Lors d’une conférence de presse tenue le 9 décembre, le dirigeant russe Vladimir Poutine a commenté les remarques de l’ancienne chancelière : « Pour être honnête, c’était absolument inattendu pour moi. Je ne m’attendais pas à entendre cela de sa part. C’est décevant. La confiance est presque tombée à zéro. Il ne s’agissait donc pas de respecter ces accords mais d’armer l’Ukraine. Nous pensions pouvoir parvenir à un accord dans le cadre des accords. Après de telles déclarations, comment négocier ? A propos de quoi ? Avec qui ? Est-il possible de négocier avec eux ? Où sont les garanties ? »

Retrouvez ci-dessous l’entrevue de Angela Merkel pour le journal Die Zeit…
https://www.youtube.com/watch?v=h8izImzhn4c

Entrevue de Angela Merkel pour le journal Die Zeit

DIE ZEIT : Madame Merkel, vous n’êtes plus chancelière, mais vous avez toujours la même apparence qu’avant.

Angela Merkel : Pensiez-vous que je viendrais avec une queue de cheval ? Mes vêtements sont pratiques pour moi, je me suis lié d’amitié avec la coiffure. Bien sûr, je vous rencontre en tant qu’ancienne chancelière. Mais vous pouvez en tirer la conclusion inverse que je n’ai pas joué un rôle artificiel en tant que chancelière. C’était moi. Et c’est ce que je suis aujourd’hui, sous une forme un peu plus expéditive, disons-le ainsi. Je dois faire moins attention au maquillage. Mais je peux vous rassurer : je ne suis pas assis en veste dans mon salon.
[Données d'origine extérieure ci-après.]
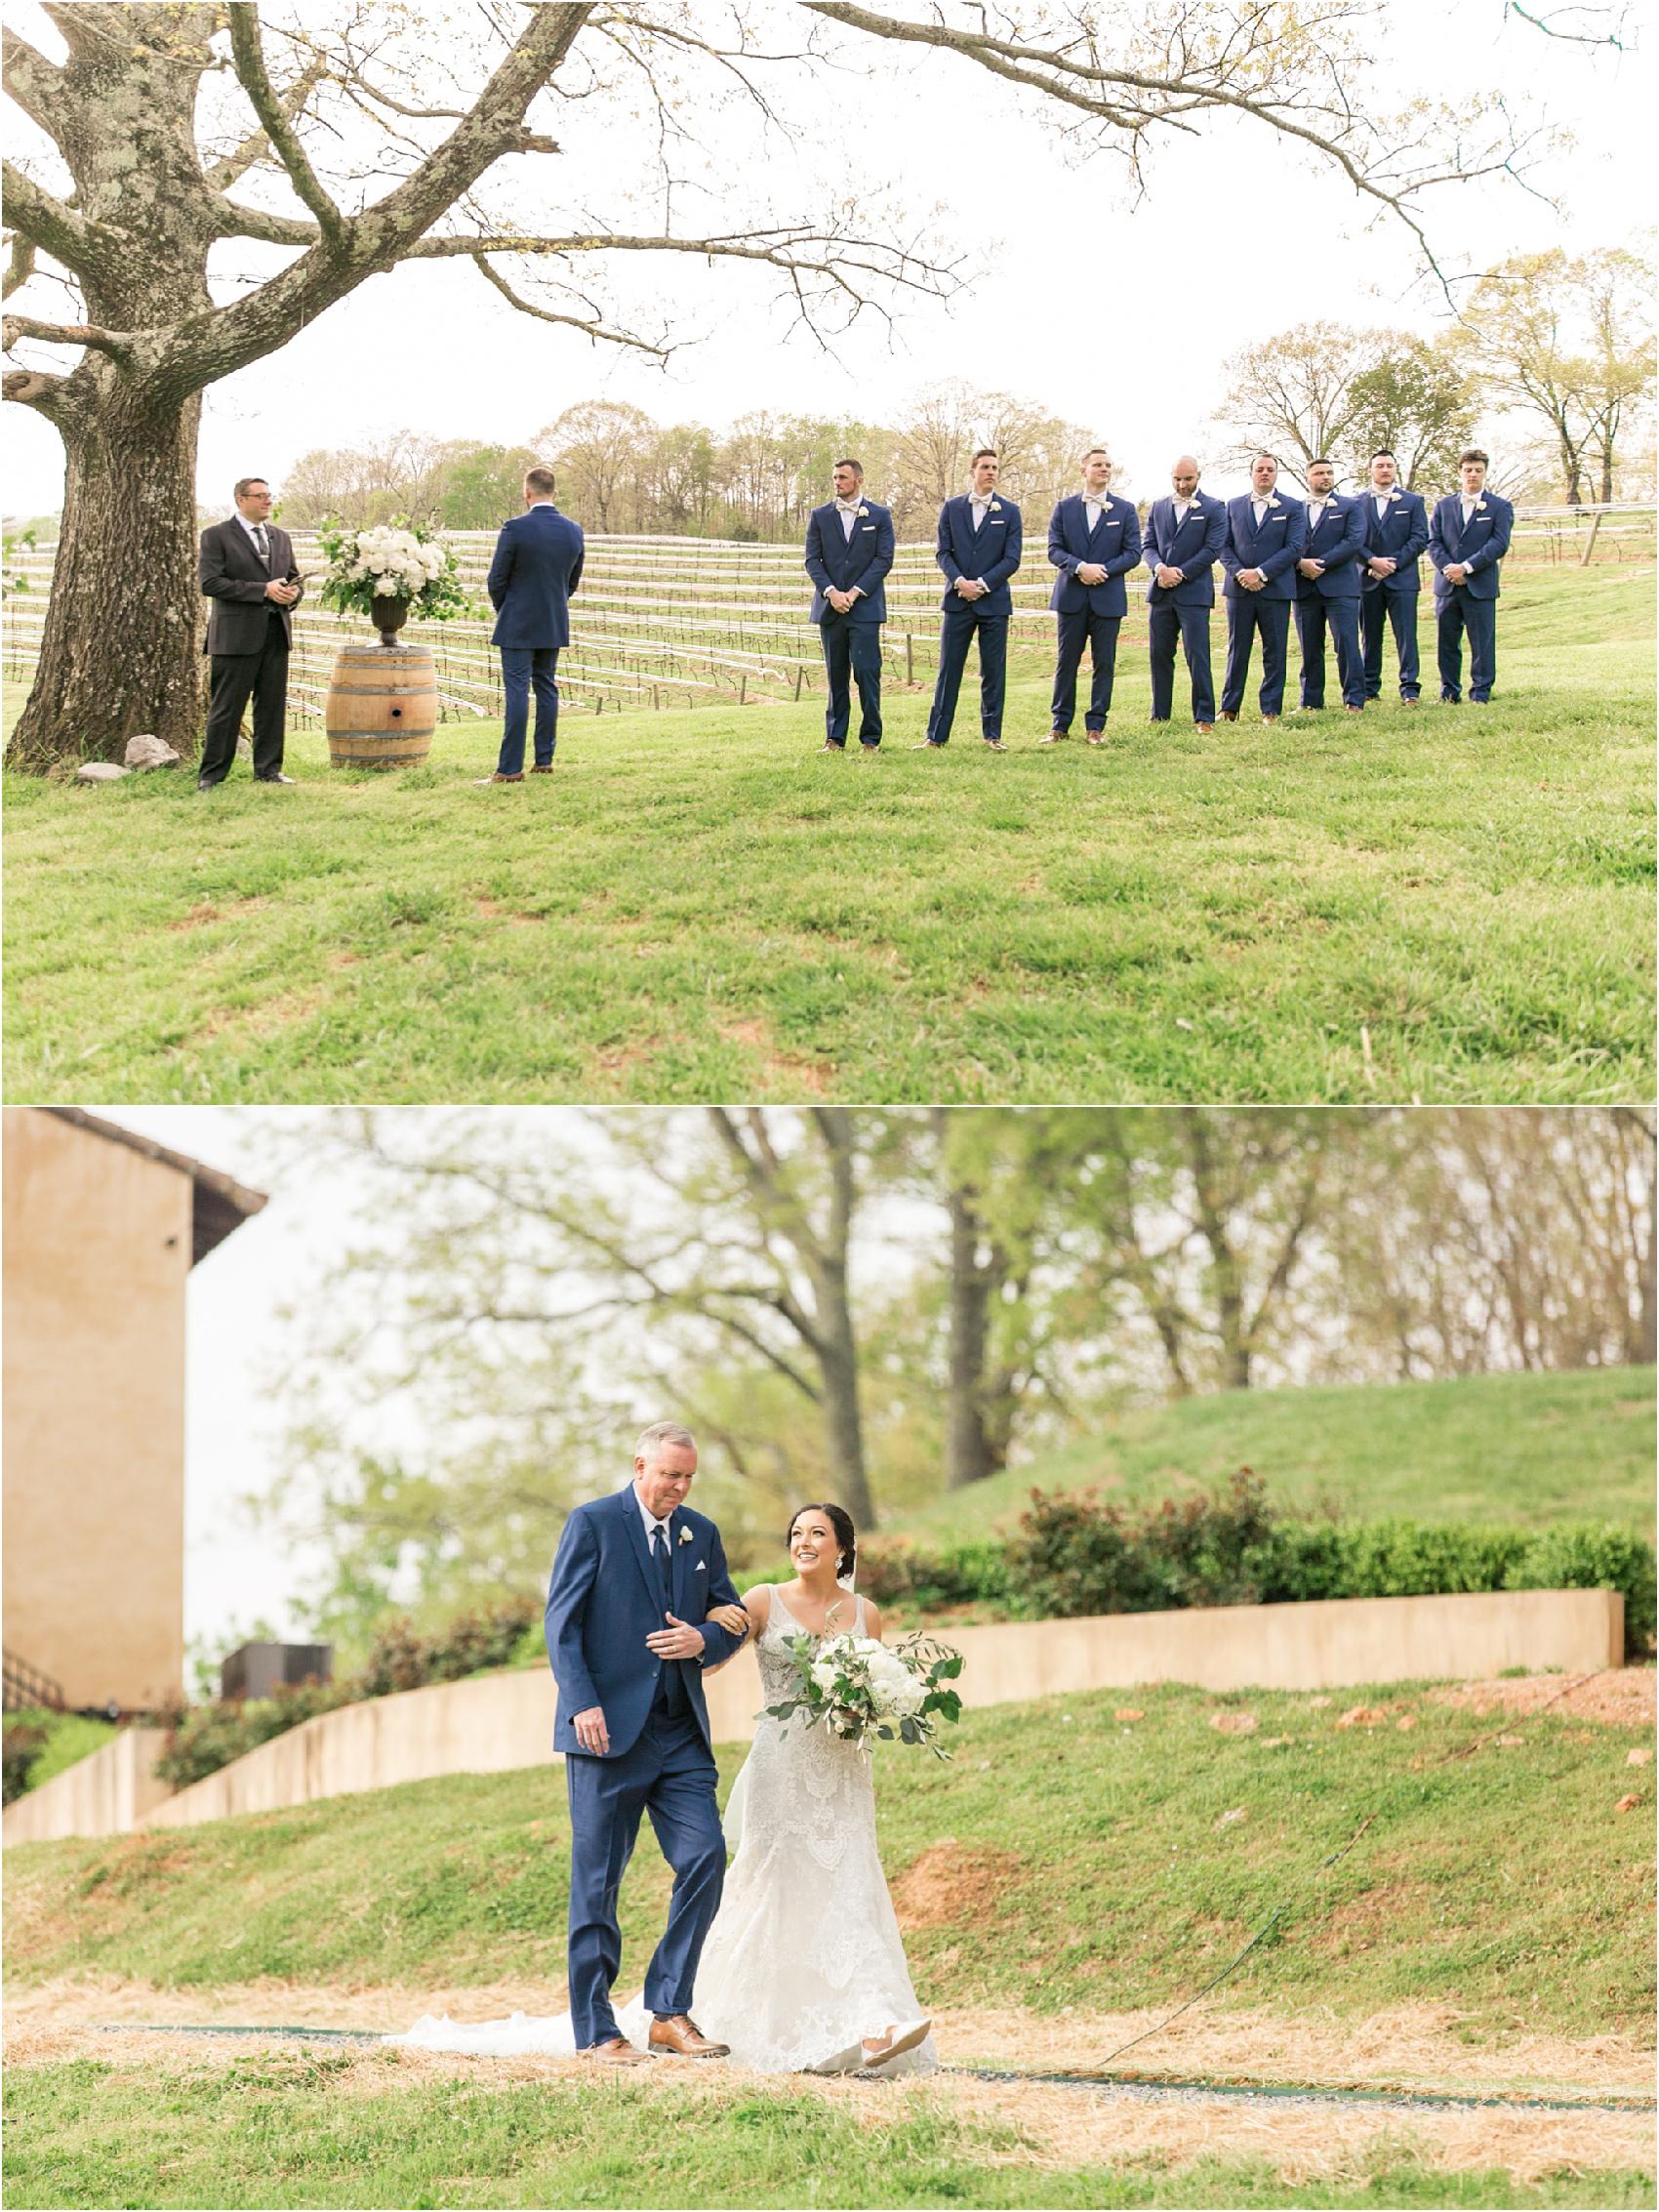 Savannah Eve Photography- Turnbill-Gilgan Wedding- Blog-30.jpg

Je vais prendre un cardigan.

ZEIT : En 2019, vous avez reçu le président ukrainien Volodymyr Zelenskyj devant la Chancellerie et soudain vous vous êtes mis à trembler très fort et visiblement de tous. La femme privée Merkel a-t-elle gêné la chancelière Merkel ?

Merkel : C’était définitivement un moment déprimant. En quelque sorte, je me suis évanouie un instant, et cela dans une situation très officielle, lors de la suppression des honneurs militaires. Il y avait évidemment beaucoup de tension qui montait en moi. C’était lié à la mort de ma mère. Je n’ai pas eu assez de temps pour l’accompagner dans ses dernières semaines. Il faisait aussi chaud, comme toujours, les objectifs des caméras étaient pointés sur moi comme des canons de fusil et soudain j’ai eu cette sensation : tu es complètement transparente.

ZEIT : L’écrivaine américaine Siri Hustvedt a vécu des expériences similaires et a écrit un livre à ce sujet, The Trembling Woman. Elle y demande : Ai-je peur de quelque chose qui m’est complètement caché ? Vous êtes-vous posé une question comme celle-ci ?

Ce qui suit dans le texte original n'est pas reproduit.